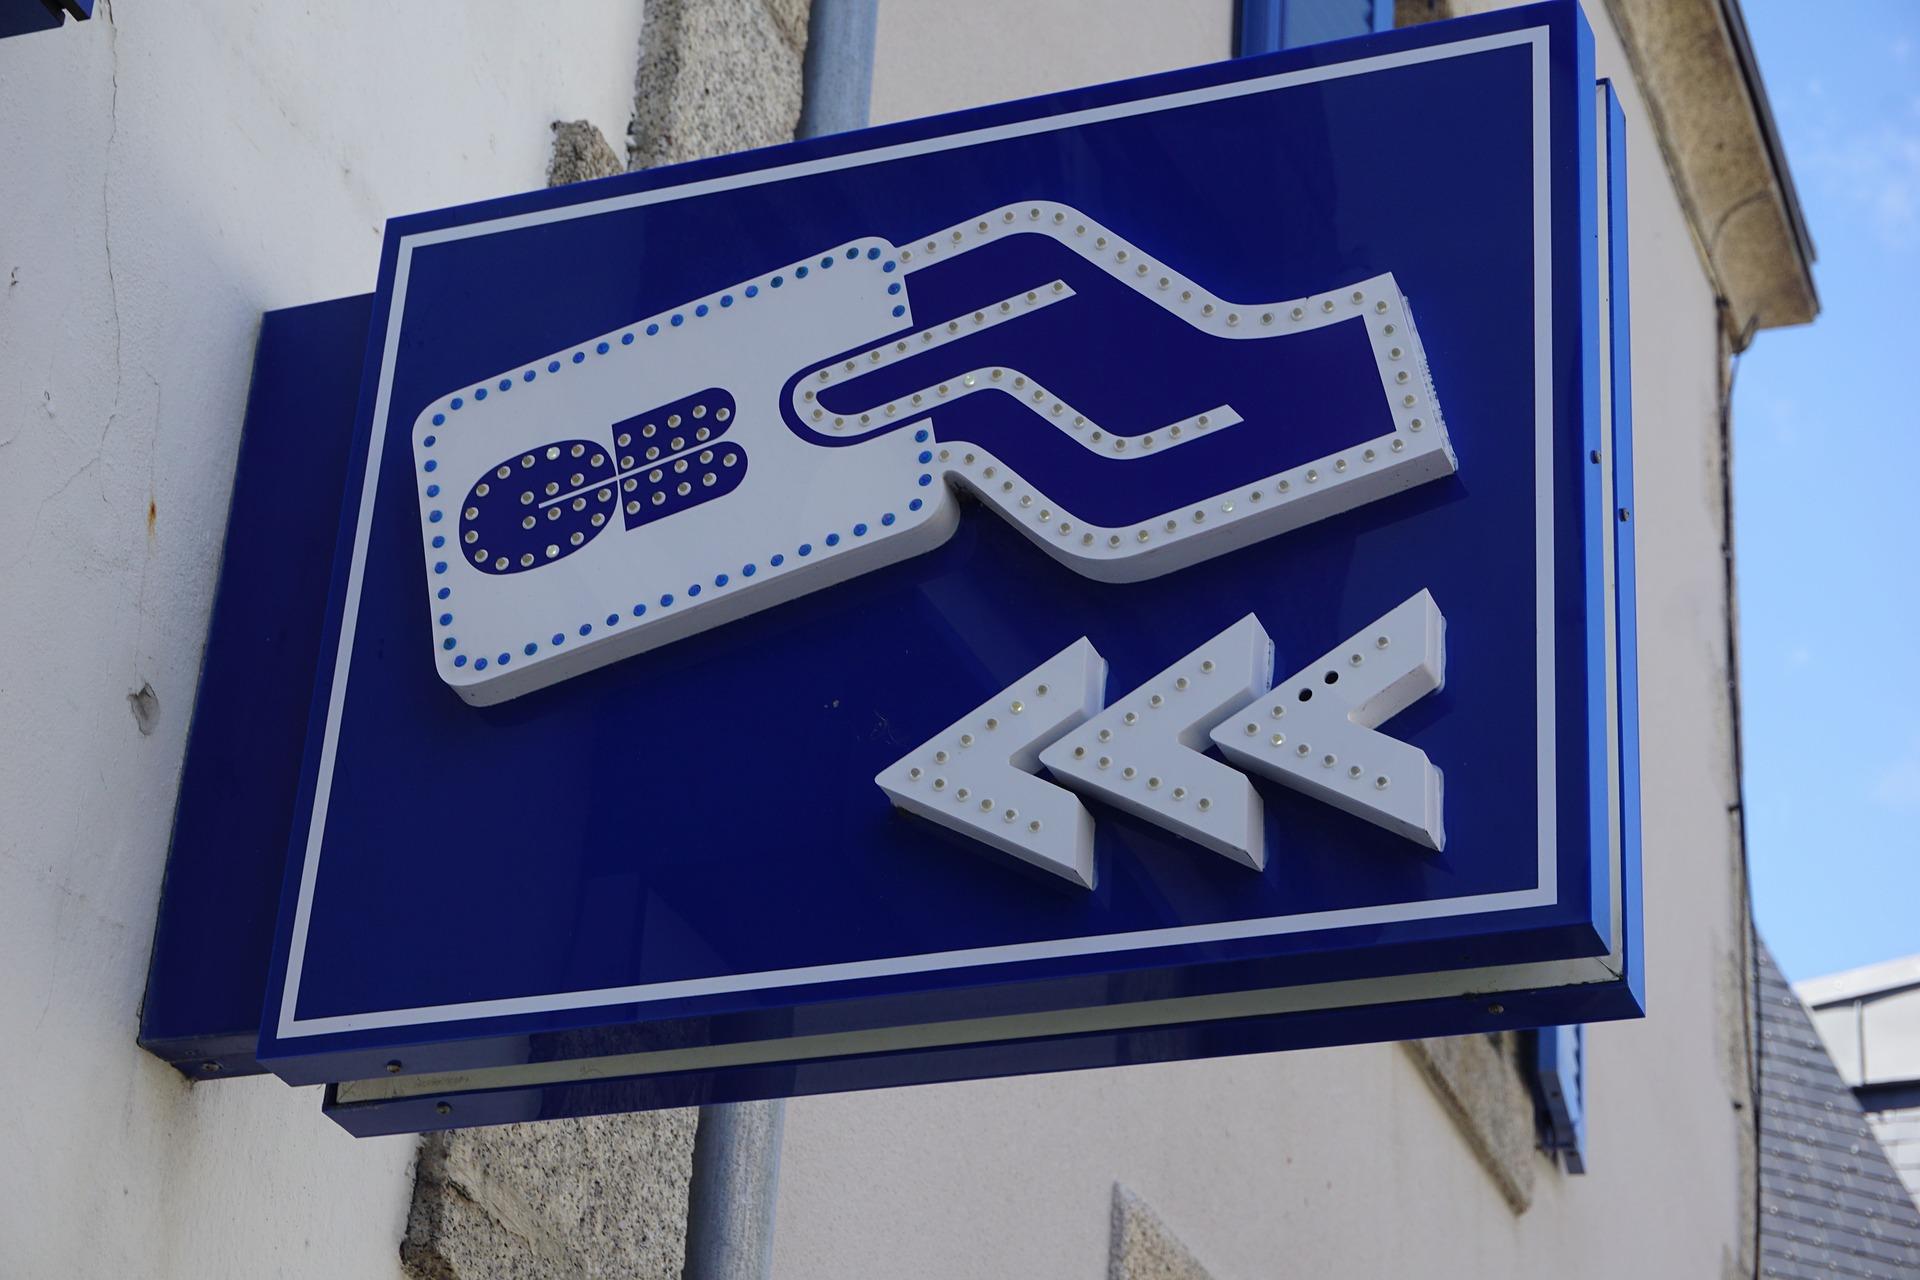 La carte Regliss de la banque Postale
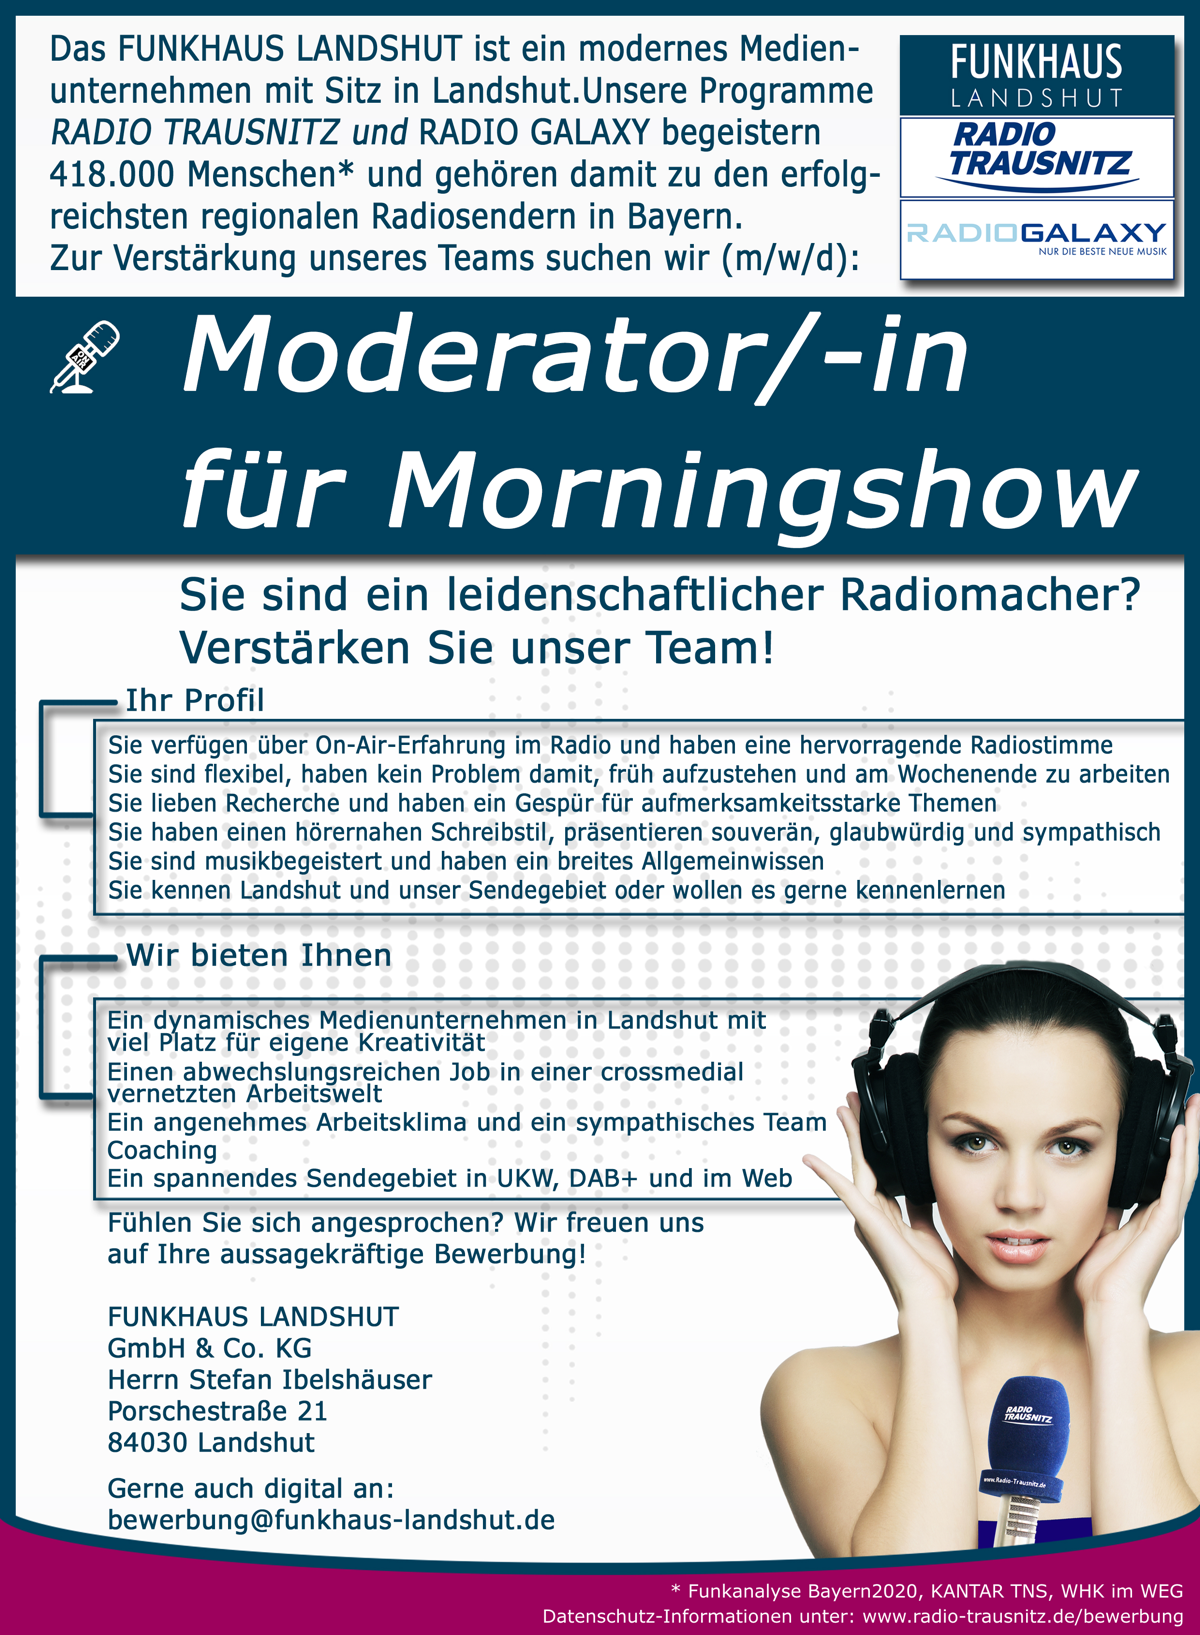 Funkhaus Landshut sucht Moderator/in für Morningshow (m/w/d)
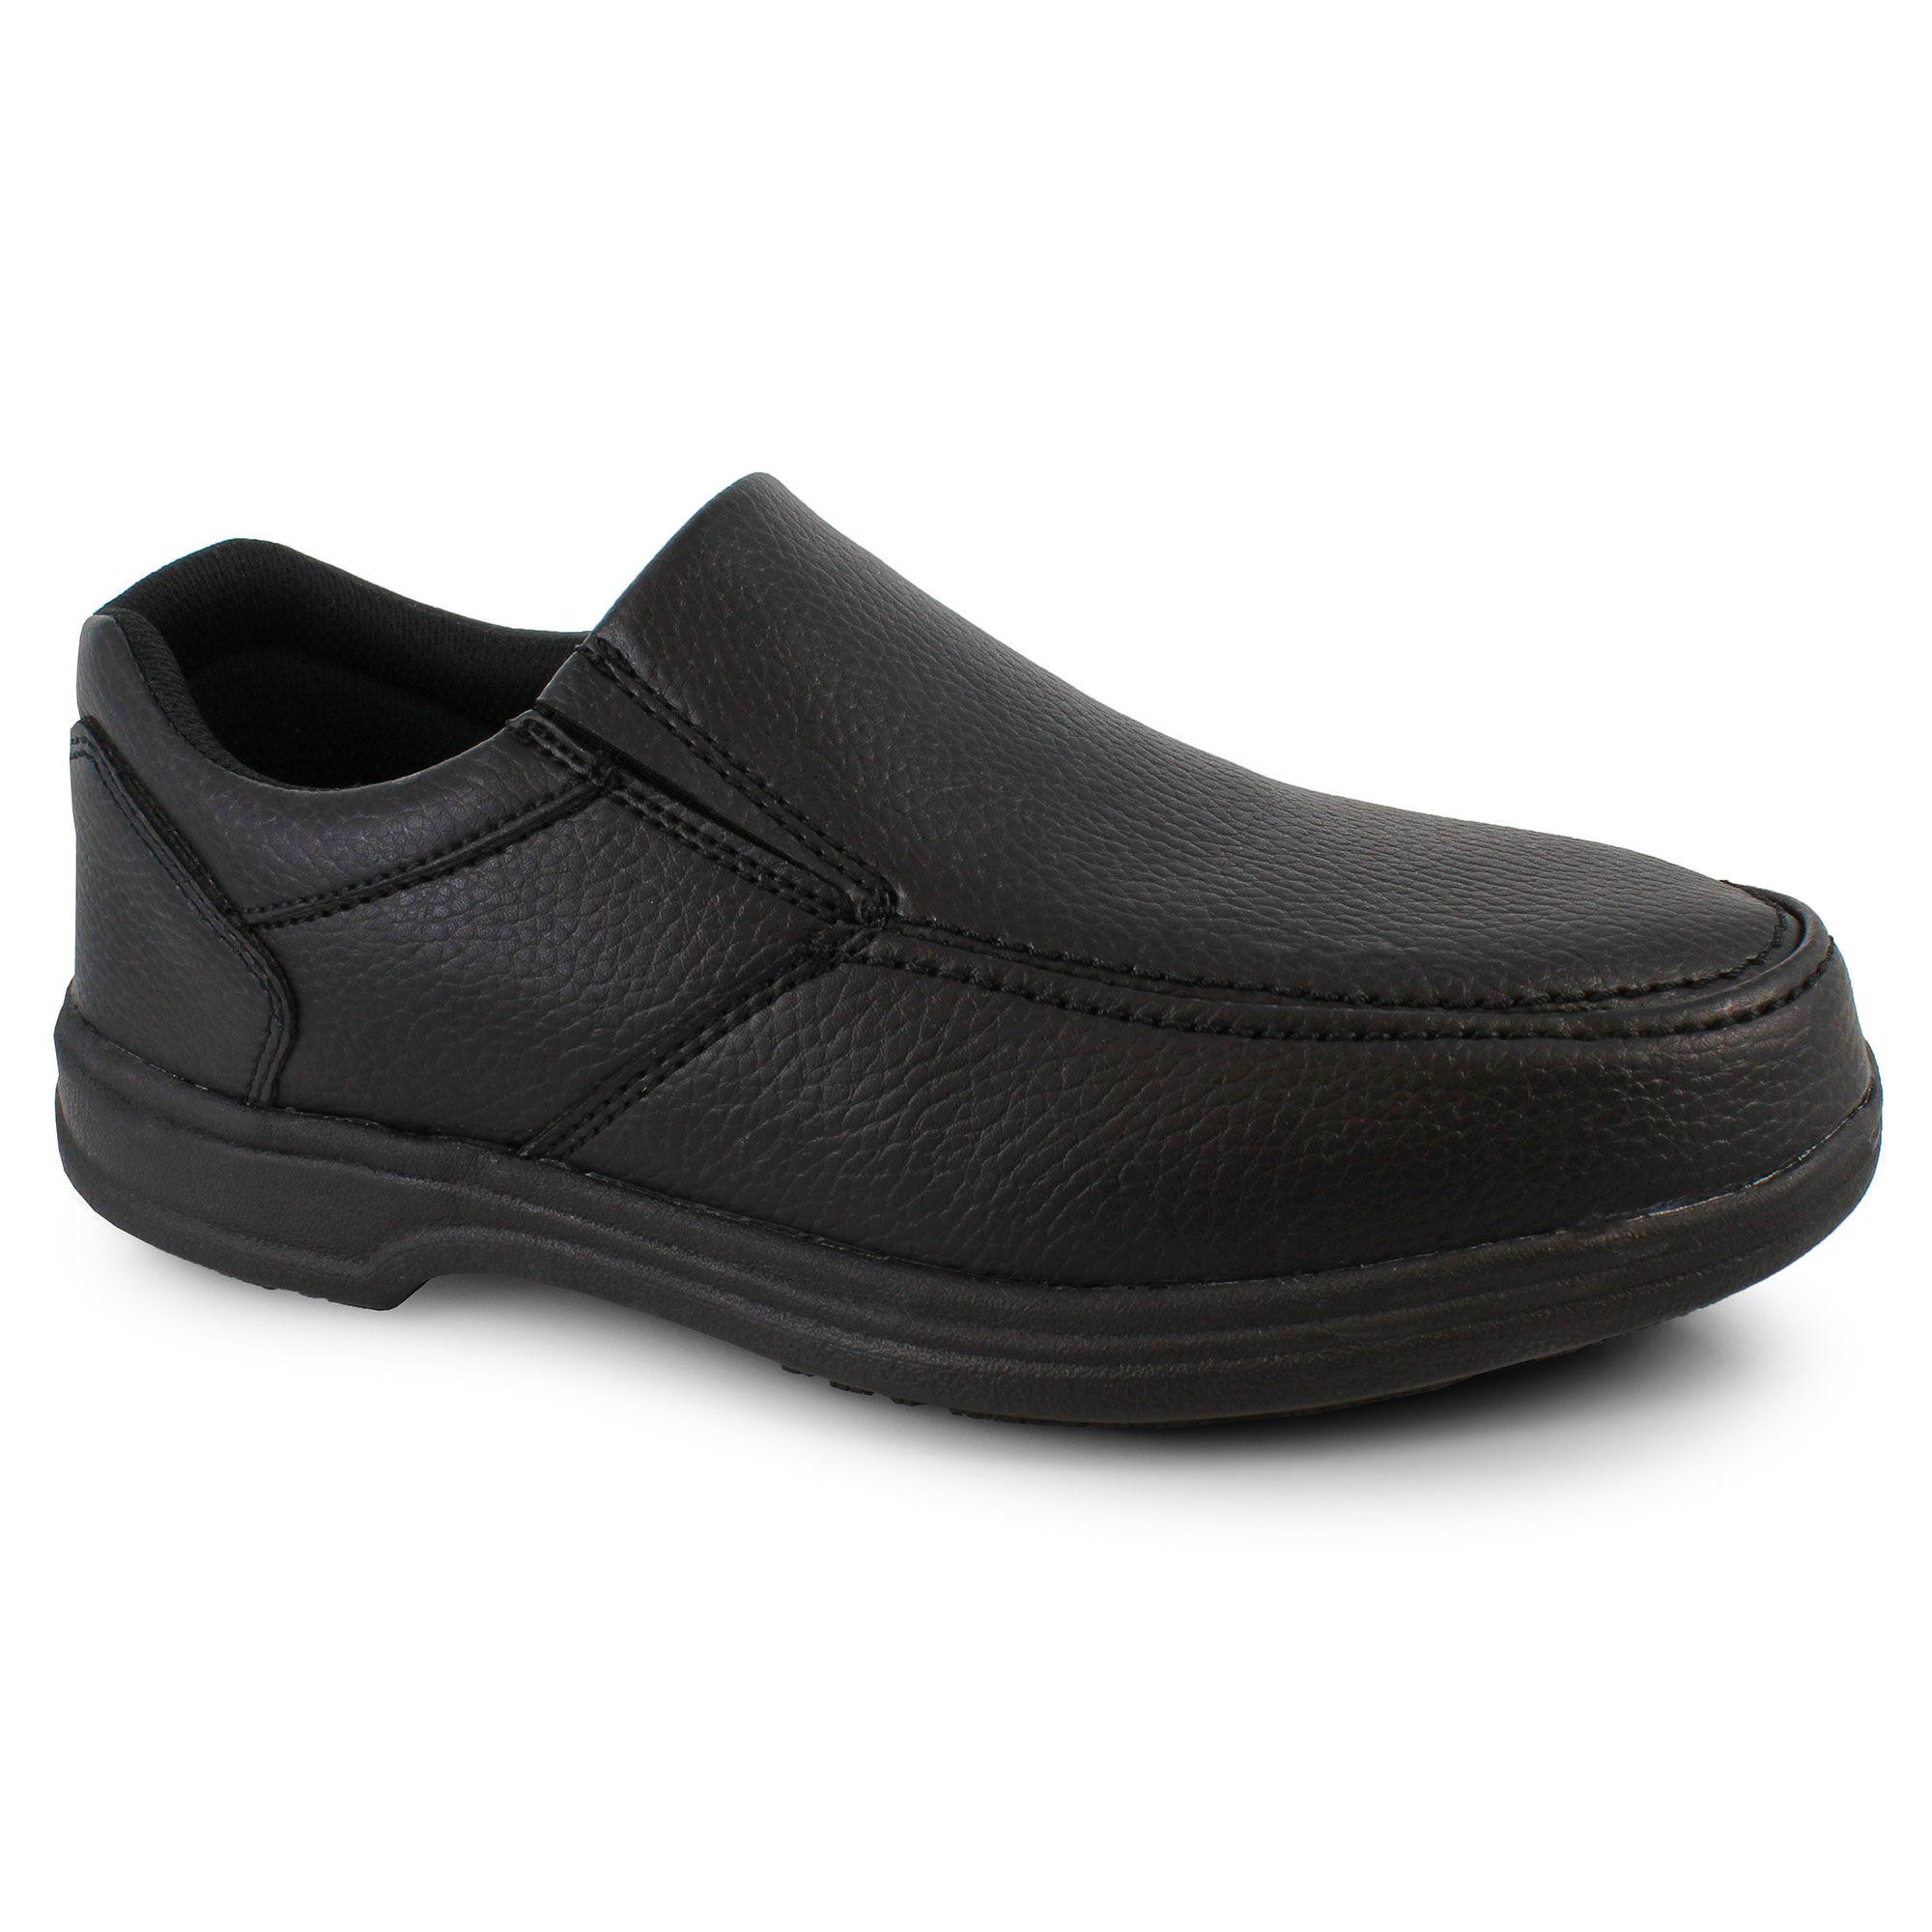 Men's Slip-Resistant Shoes | SHOE SHOW MEGA

▶ [WHAT IS EXPECTED] The data must be repeated exactly. Any pictures in it are to be left out.

▶ [SOLUTION]
 La carte Regliss de la banque Postale
 Funkhaus Landshut sucht Moderator/in für Morningshow (m/w/d)
 Men's Slip-Resistant Shoes | SHOE SHOW MEGA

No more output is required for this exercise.